**TASK DIRECTIONS**: As you write out the lines from the one containing "台湾大学医学院职能治疗学系 ming font" through the last line of the records, keep them exact and leave out pictures.
START AVAILABLE DATA
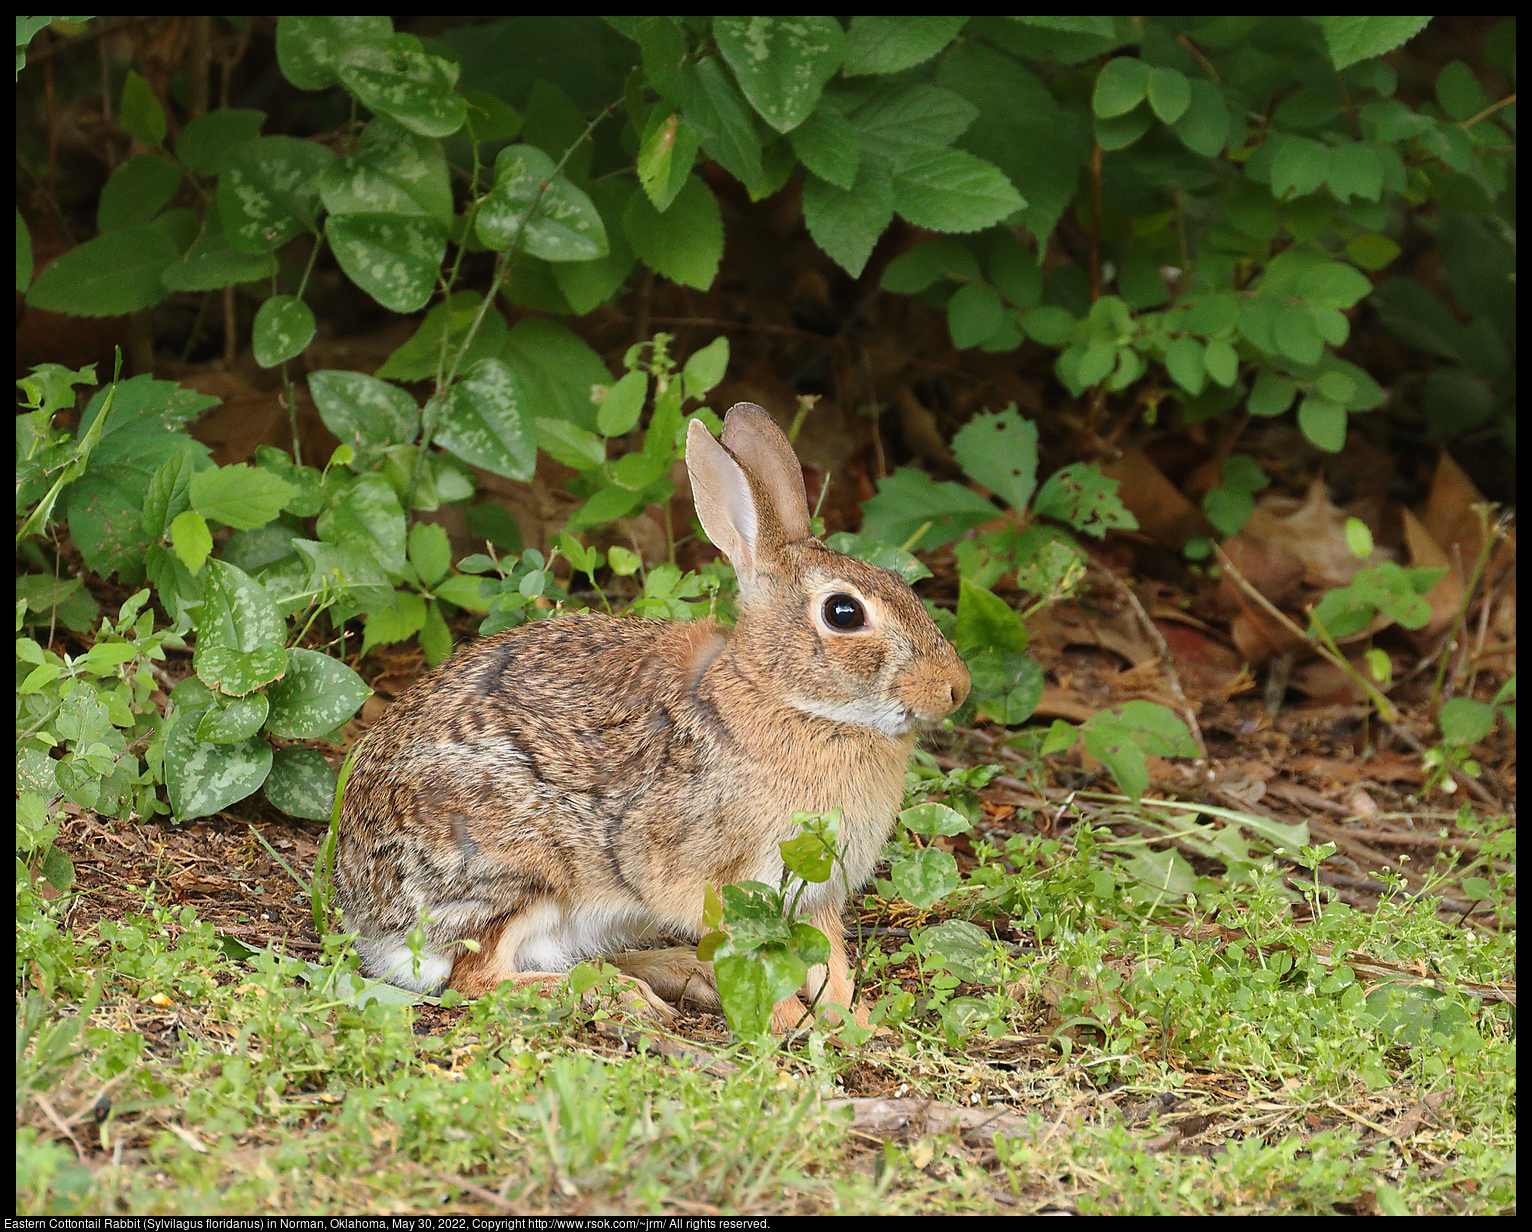 Eastern Cottontail Rabbit (Sylvilagus floridanus) in Norman, Oklahoma, May 30, 2022
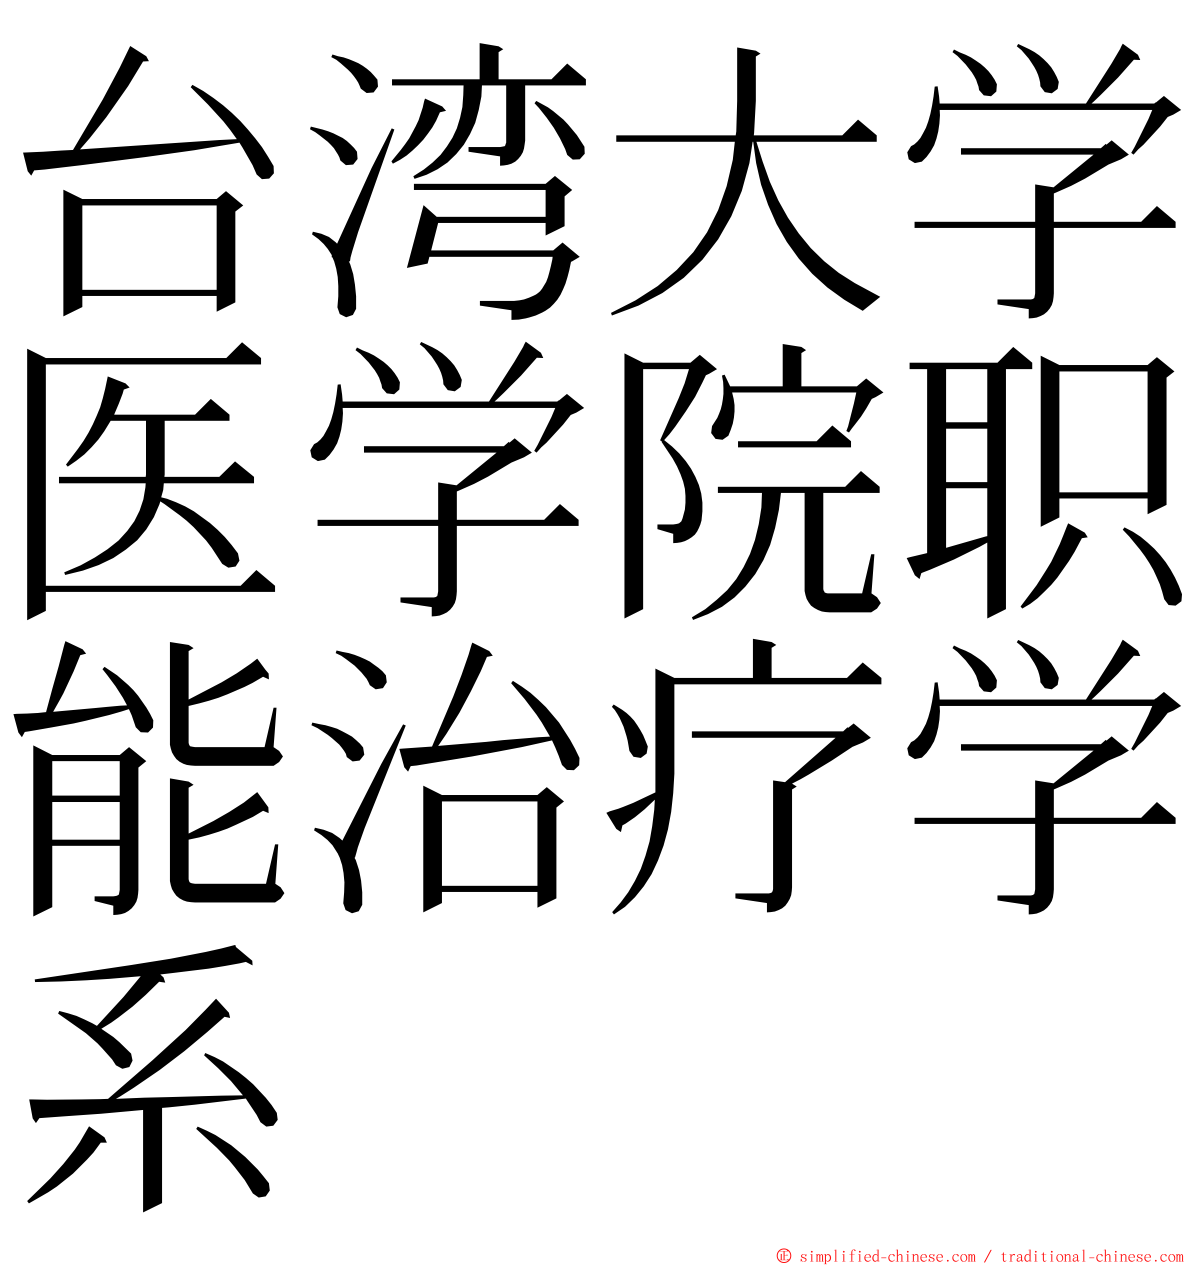 台湾大学医学院职能治疗学系 ming font
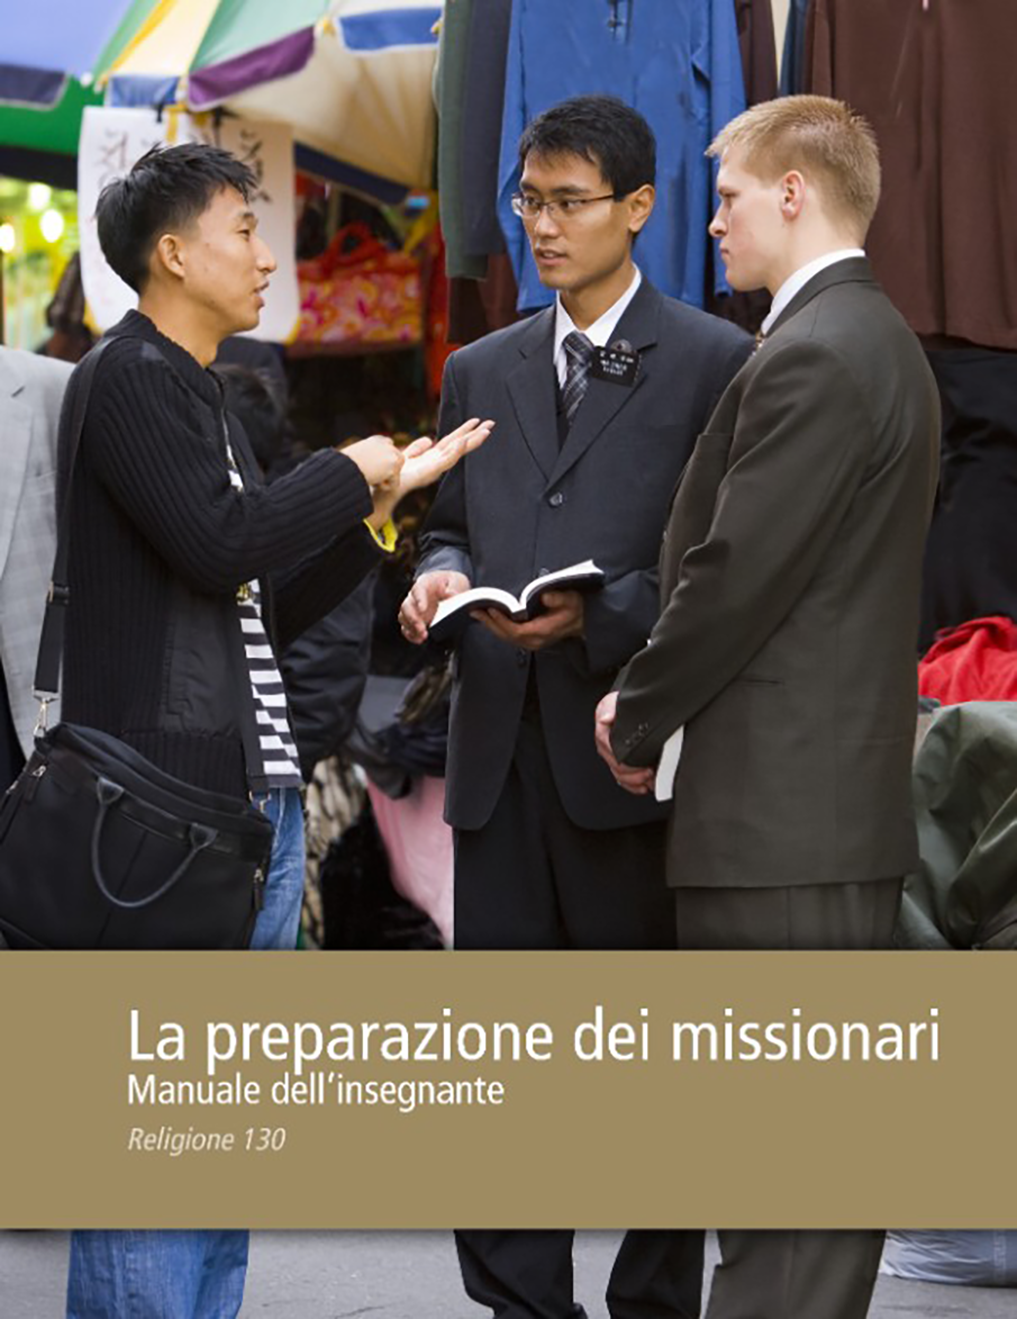 La preparazione dei missionari – Manuale dell’insegnante (Religione 130)
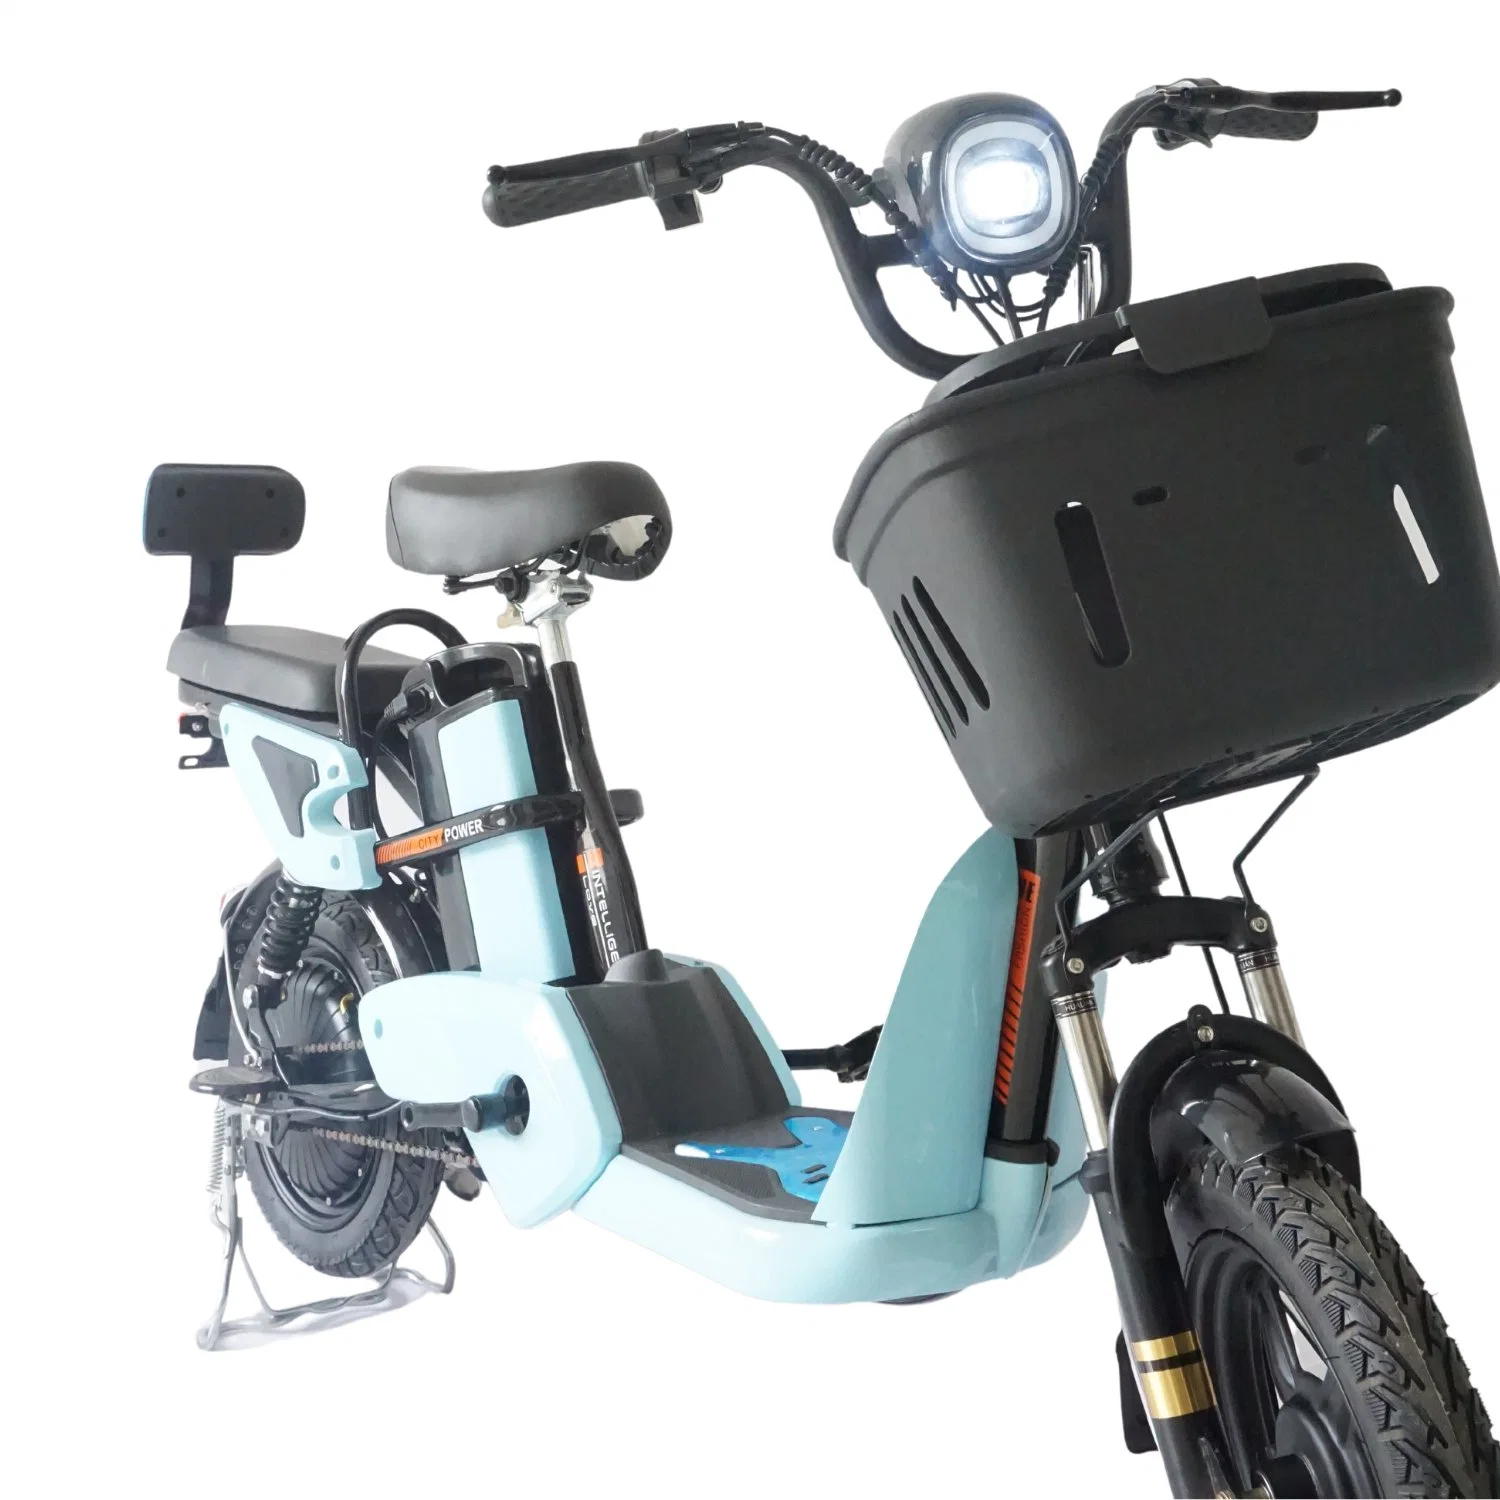 دراجة كهربائية E-Bike المدينة دراجة هوائية تنقّل الدراجة الهوائية 48V350W 12ah
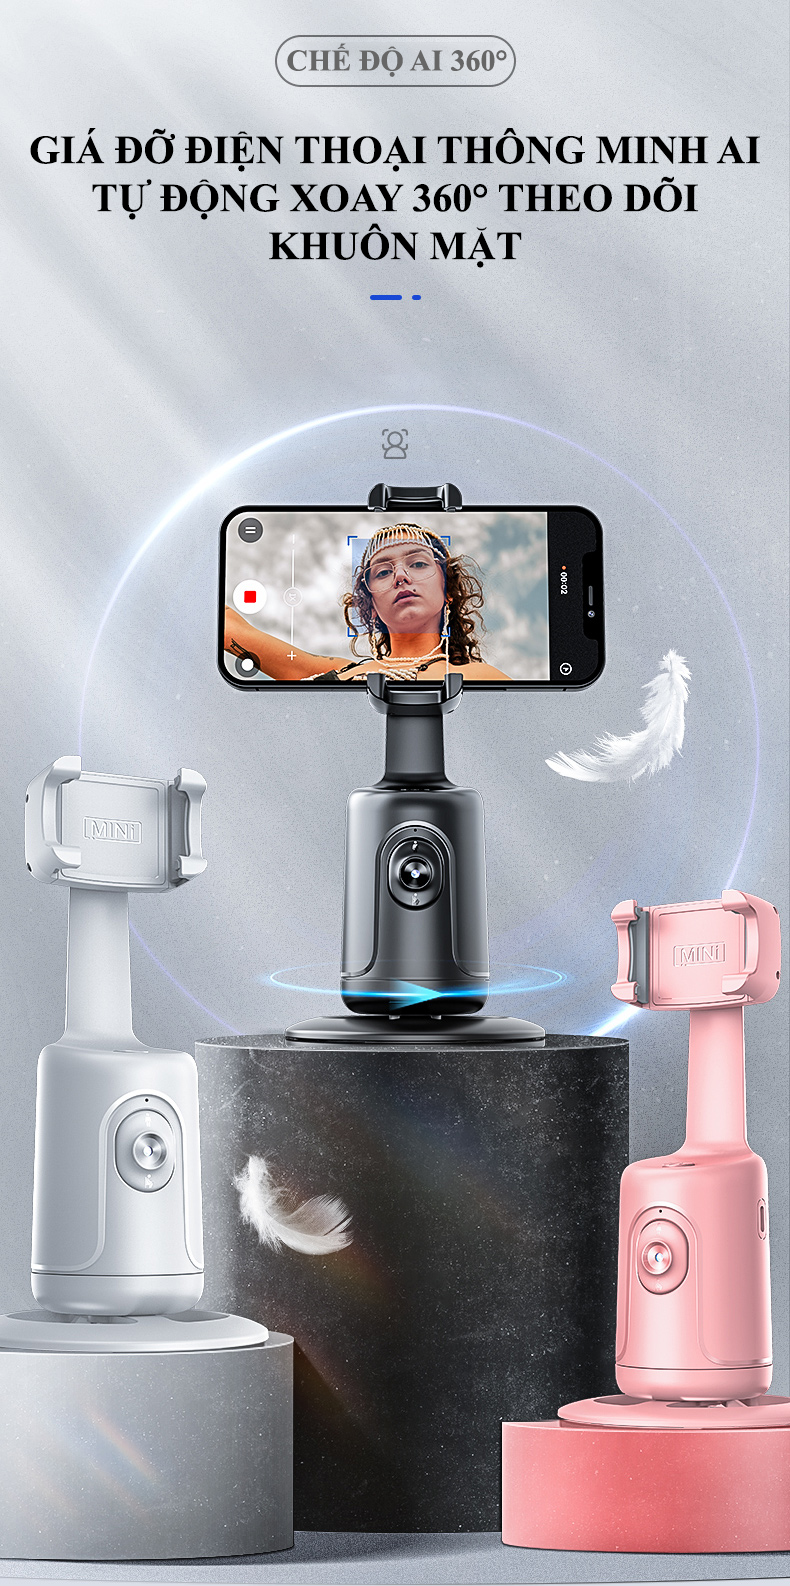 Giá đỡ điện thoại thông minh AI tự động xoay 360 độ theo dõi khuôn mặt hỗ trợ livestream, quay phim
END AVAILABLE DATA
**RESULT OF THIS TASK**:
 台湾大学医学院职能治疗学系 ming font
 La preparazione dei missionari – Manuale dell’insegnante (Religione 130)
 دراجة كهربائية E-Bike المدينة دراجة هوائية تنقّل الدراجة الهوائية 48V350W 12ah
 Giá đỡ điện thoại thông minh AI tự động xoay 360 độ theo dõi khuôn mặt hỗ trợ livestream, quay phim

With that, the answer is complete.